Søren Leer Blindbæk


Odense Universitetshospital


Diabetic macular oedema is a leading cause of visual impairment in the working aged population in developed countries. It was established by the Early Treatment Diabetic Retinopathy Study that focal/grid laser photocoagulation reduces the risk of visual loss in patients with centre‐involving DME but with a small likelihood of visual improvement. Currently, vascular endothelial growth factor inhibitors are the established first line of treatment and have consistently demonstrated efficacy in DME treatment. However, a high number of injections are needed to sustain visual improvement. Whereas the efficacy of focal/grid laser photocoagulation is modest in regard to visual improvement, its protracted effect is a desired shortcoming of current anti‐VEGF agents.

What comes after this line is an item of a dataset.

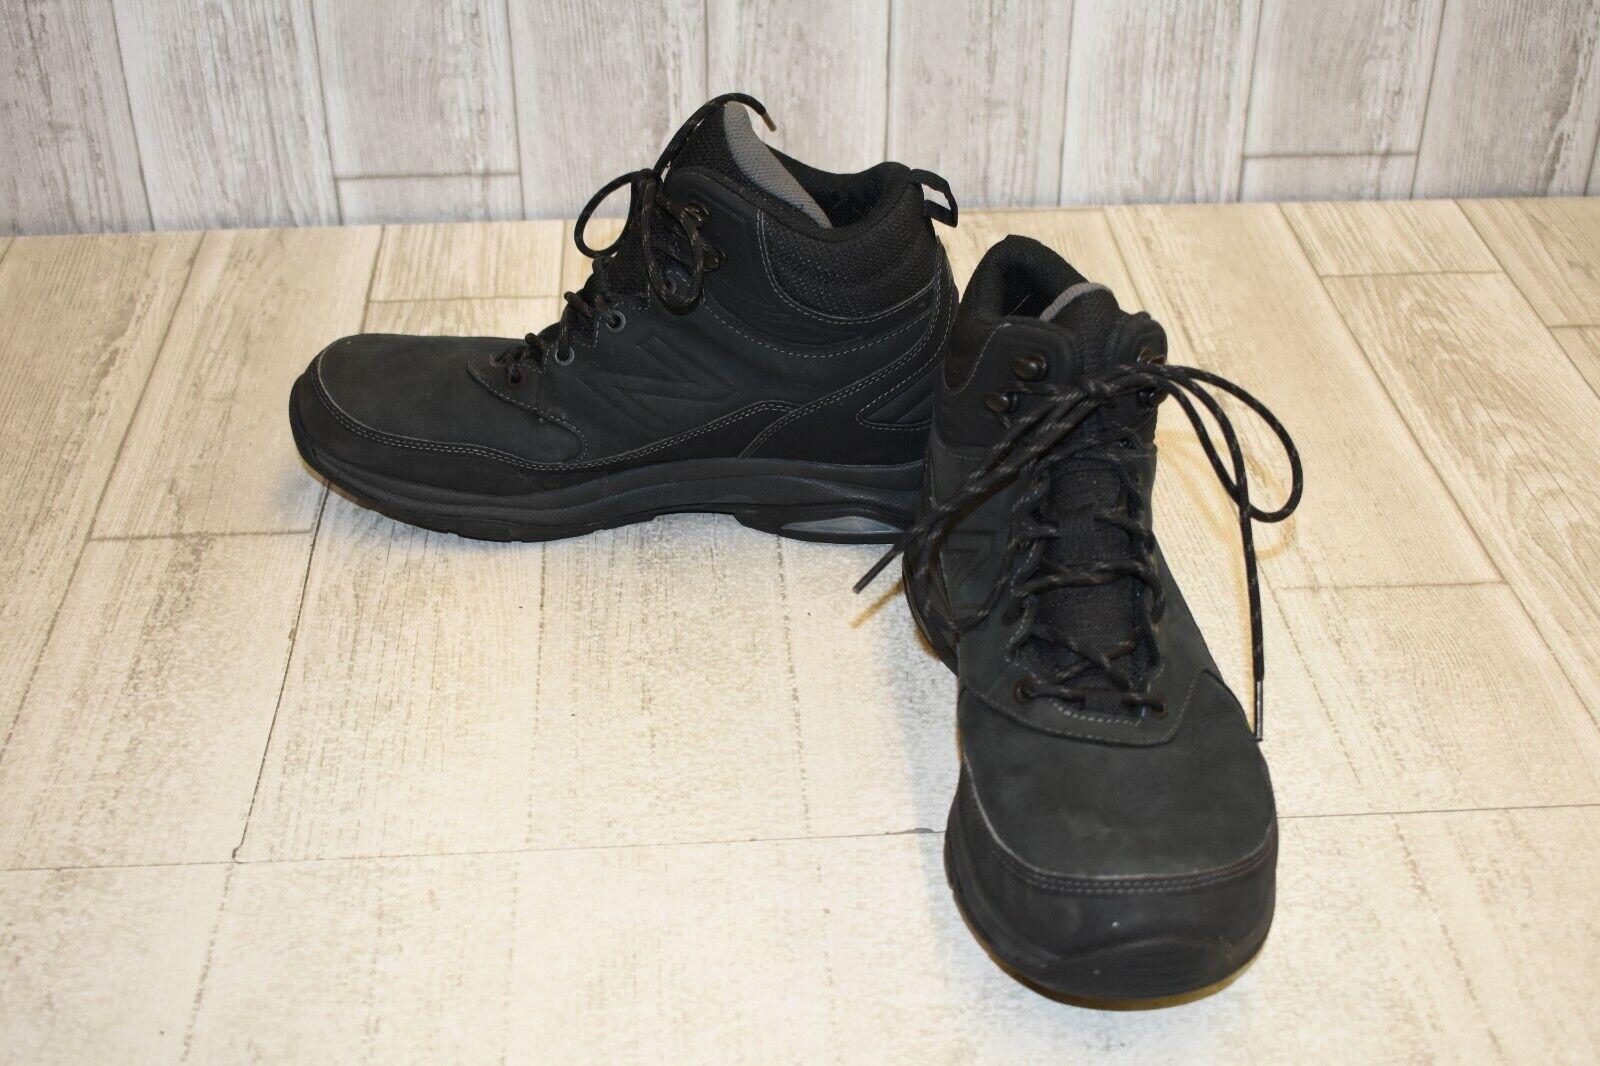 +New Balance 1400v1 Hiking Boot - Men's Size 11B, Black

Hence, combination therapy could be attractive to relieve the burden of repetitive intravitreal injections. However, most attempts with combination therapy for DME have so far not been able to reduce the need of intravitreal therapy. Modern navigated laser photocoagulation systems benefit from technical advantages of integrated software which allows for capture and/or import and overlay of, for example fundus fluorescein angiography images and optical coherence tomography thickness maps.
In a 12‐month prospective randomized clinical trial of patients with centre‐involving DME, we aimed to compare the percentage of eyes that needed additional aflibercept injections after laser at month 12 (primary outcome) and the mean number of injections and mean change in visual acuity and central retinal thickness (CRT) between baseline and month 12 (secondary outcomes) in treatment arms of intravitreal aflibercept and navigated laser vs intravitreal aflibercept and conventional laser. Aflibercept was chosen over ranibizumab as aflibercept is often the drug of choice in clinical practice and due to the 1‐year results reported from the DRCR.net protocol T trial.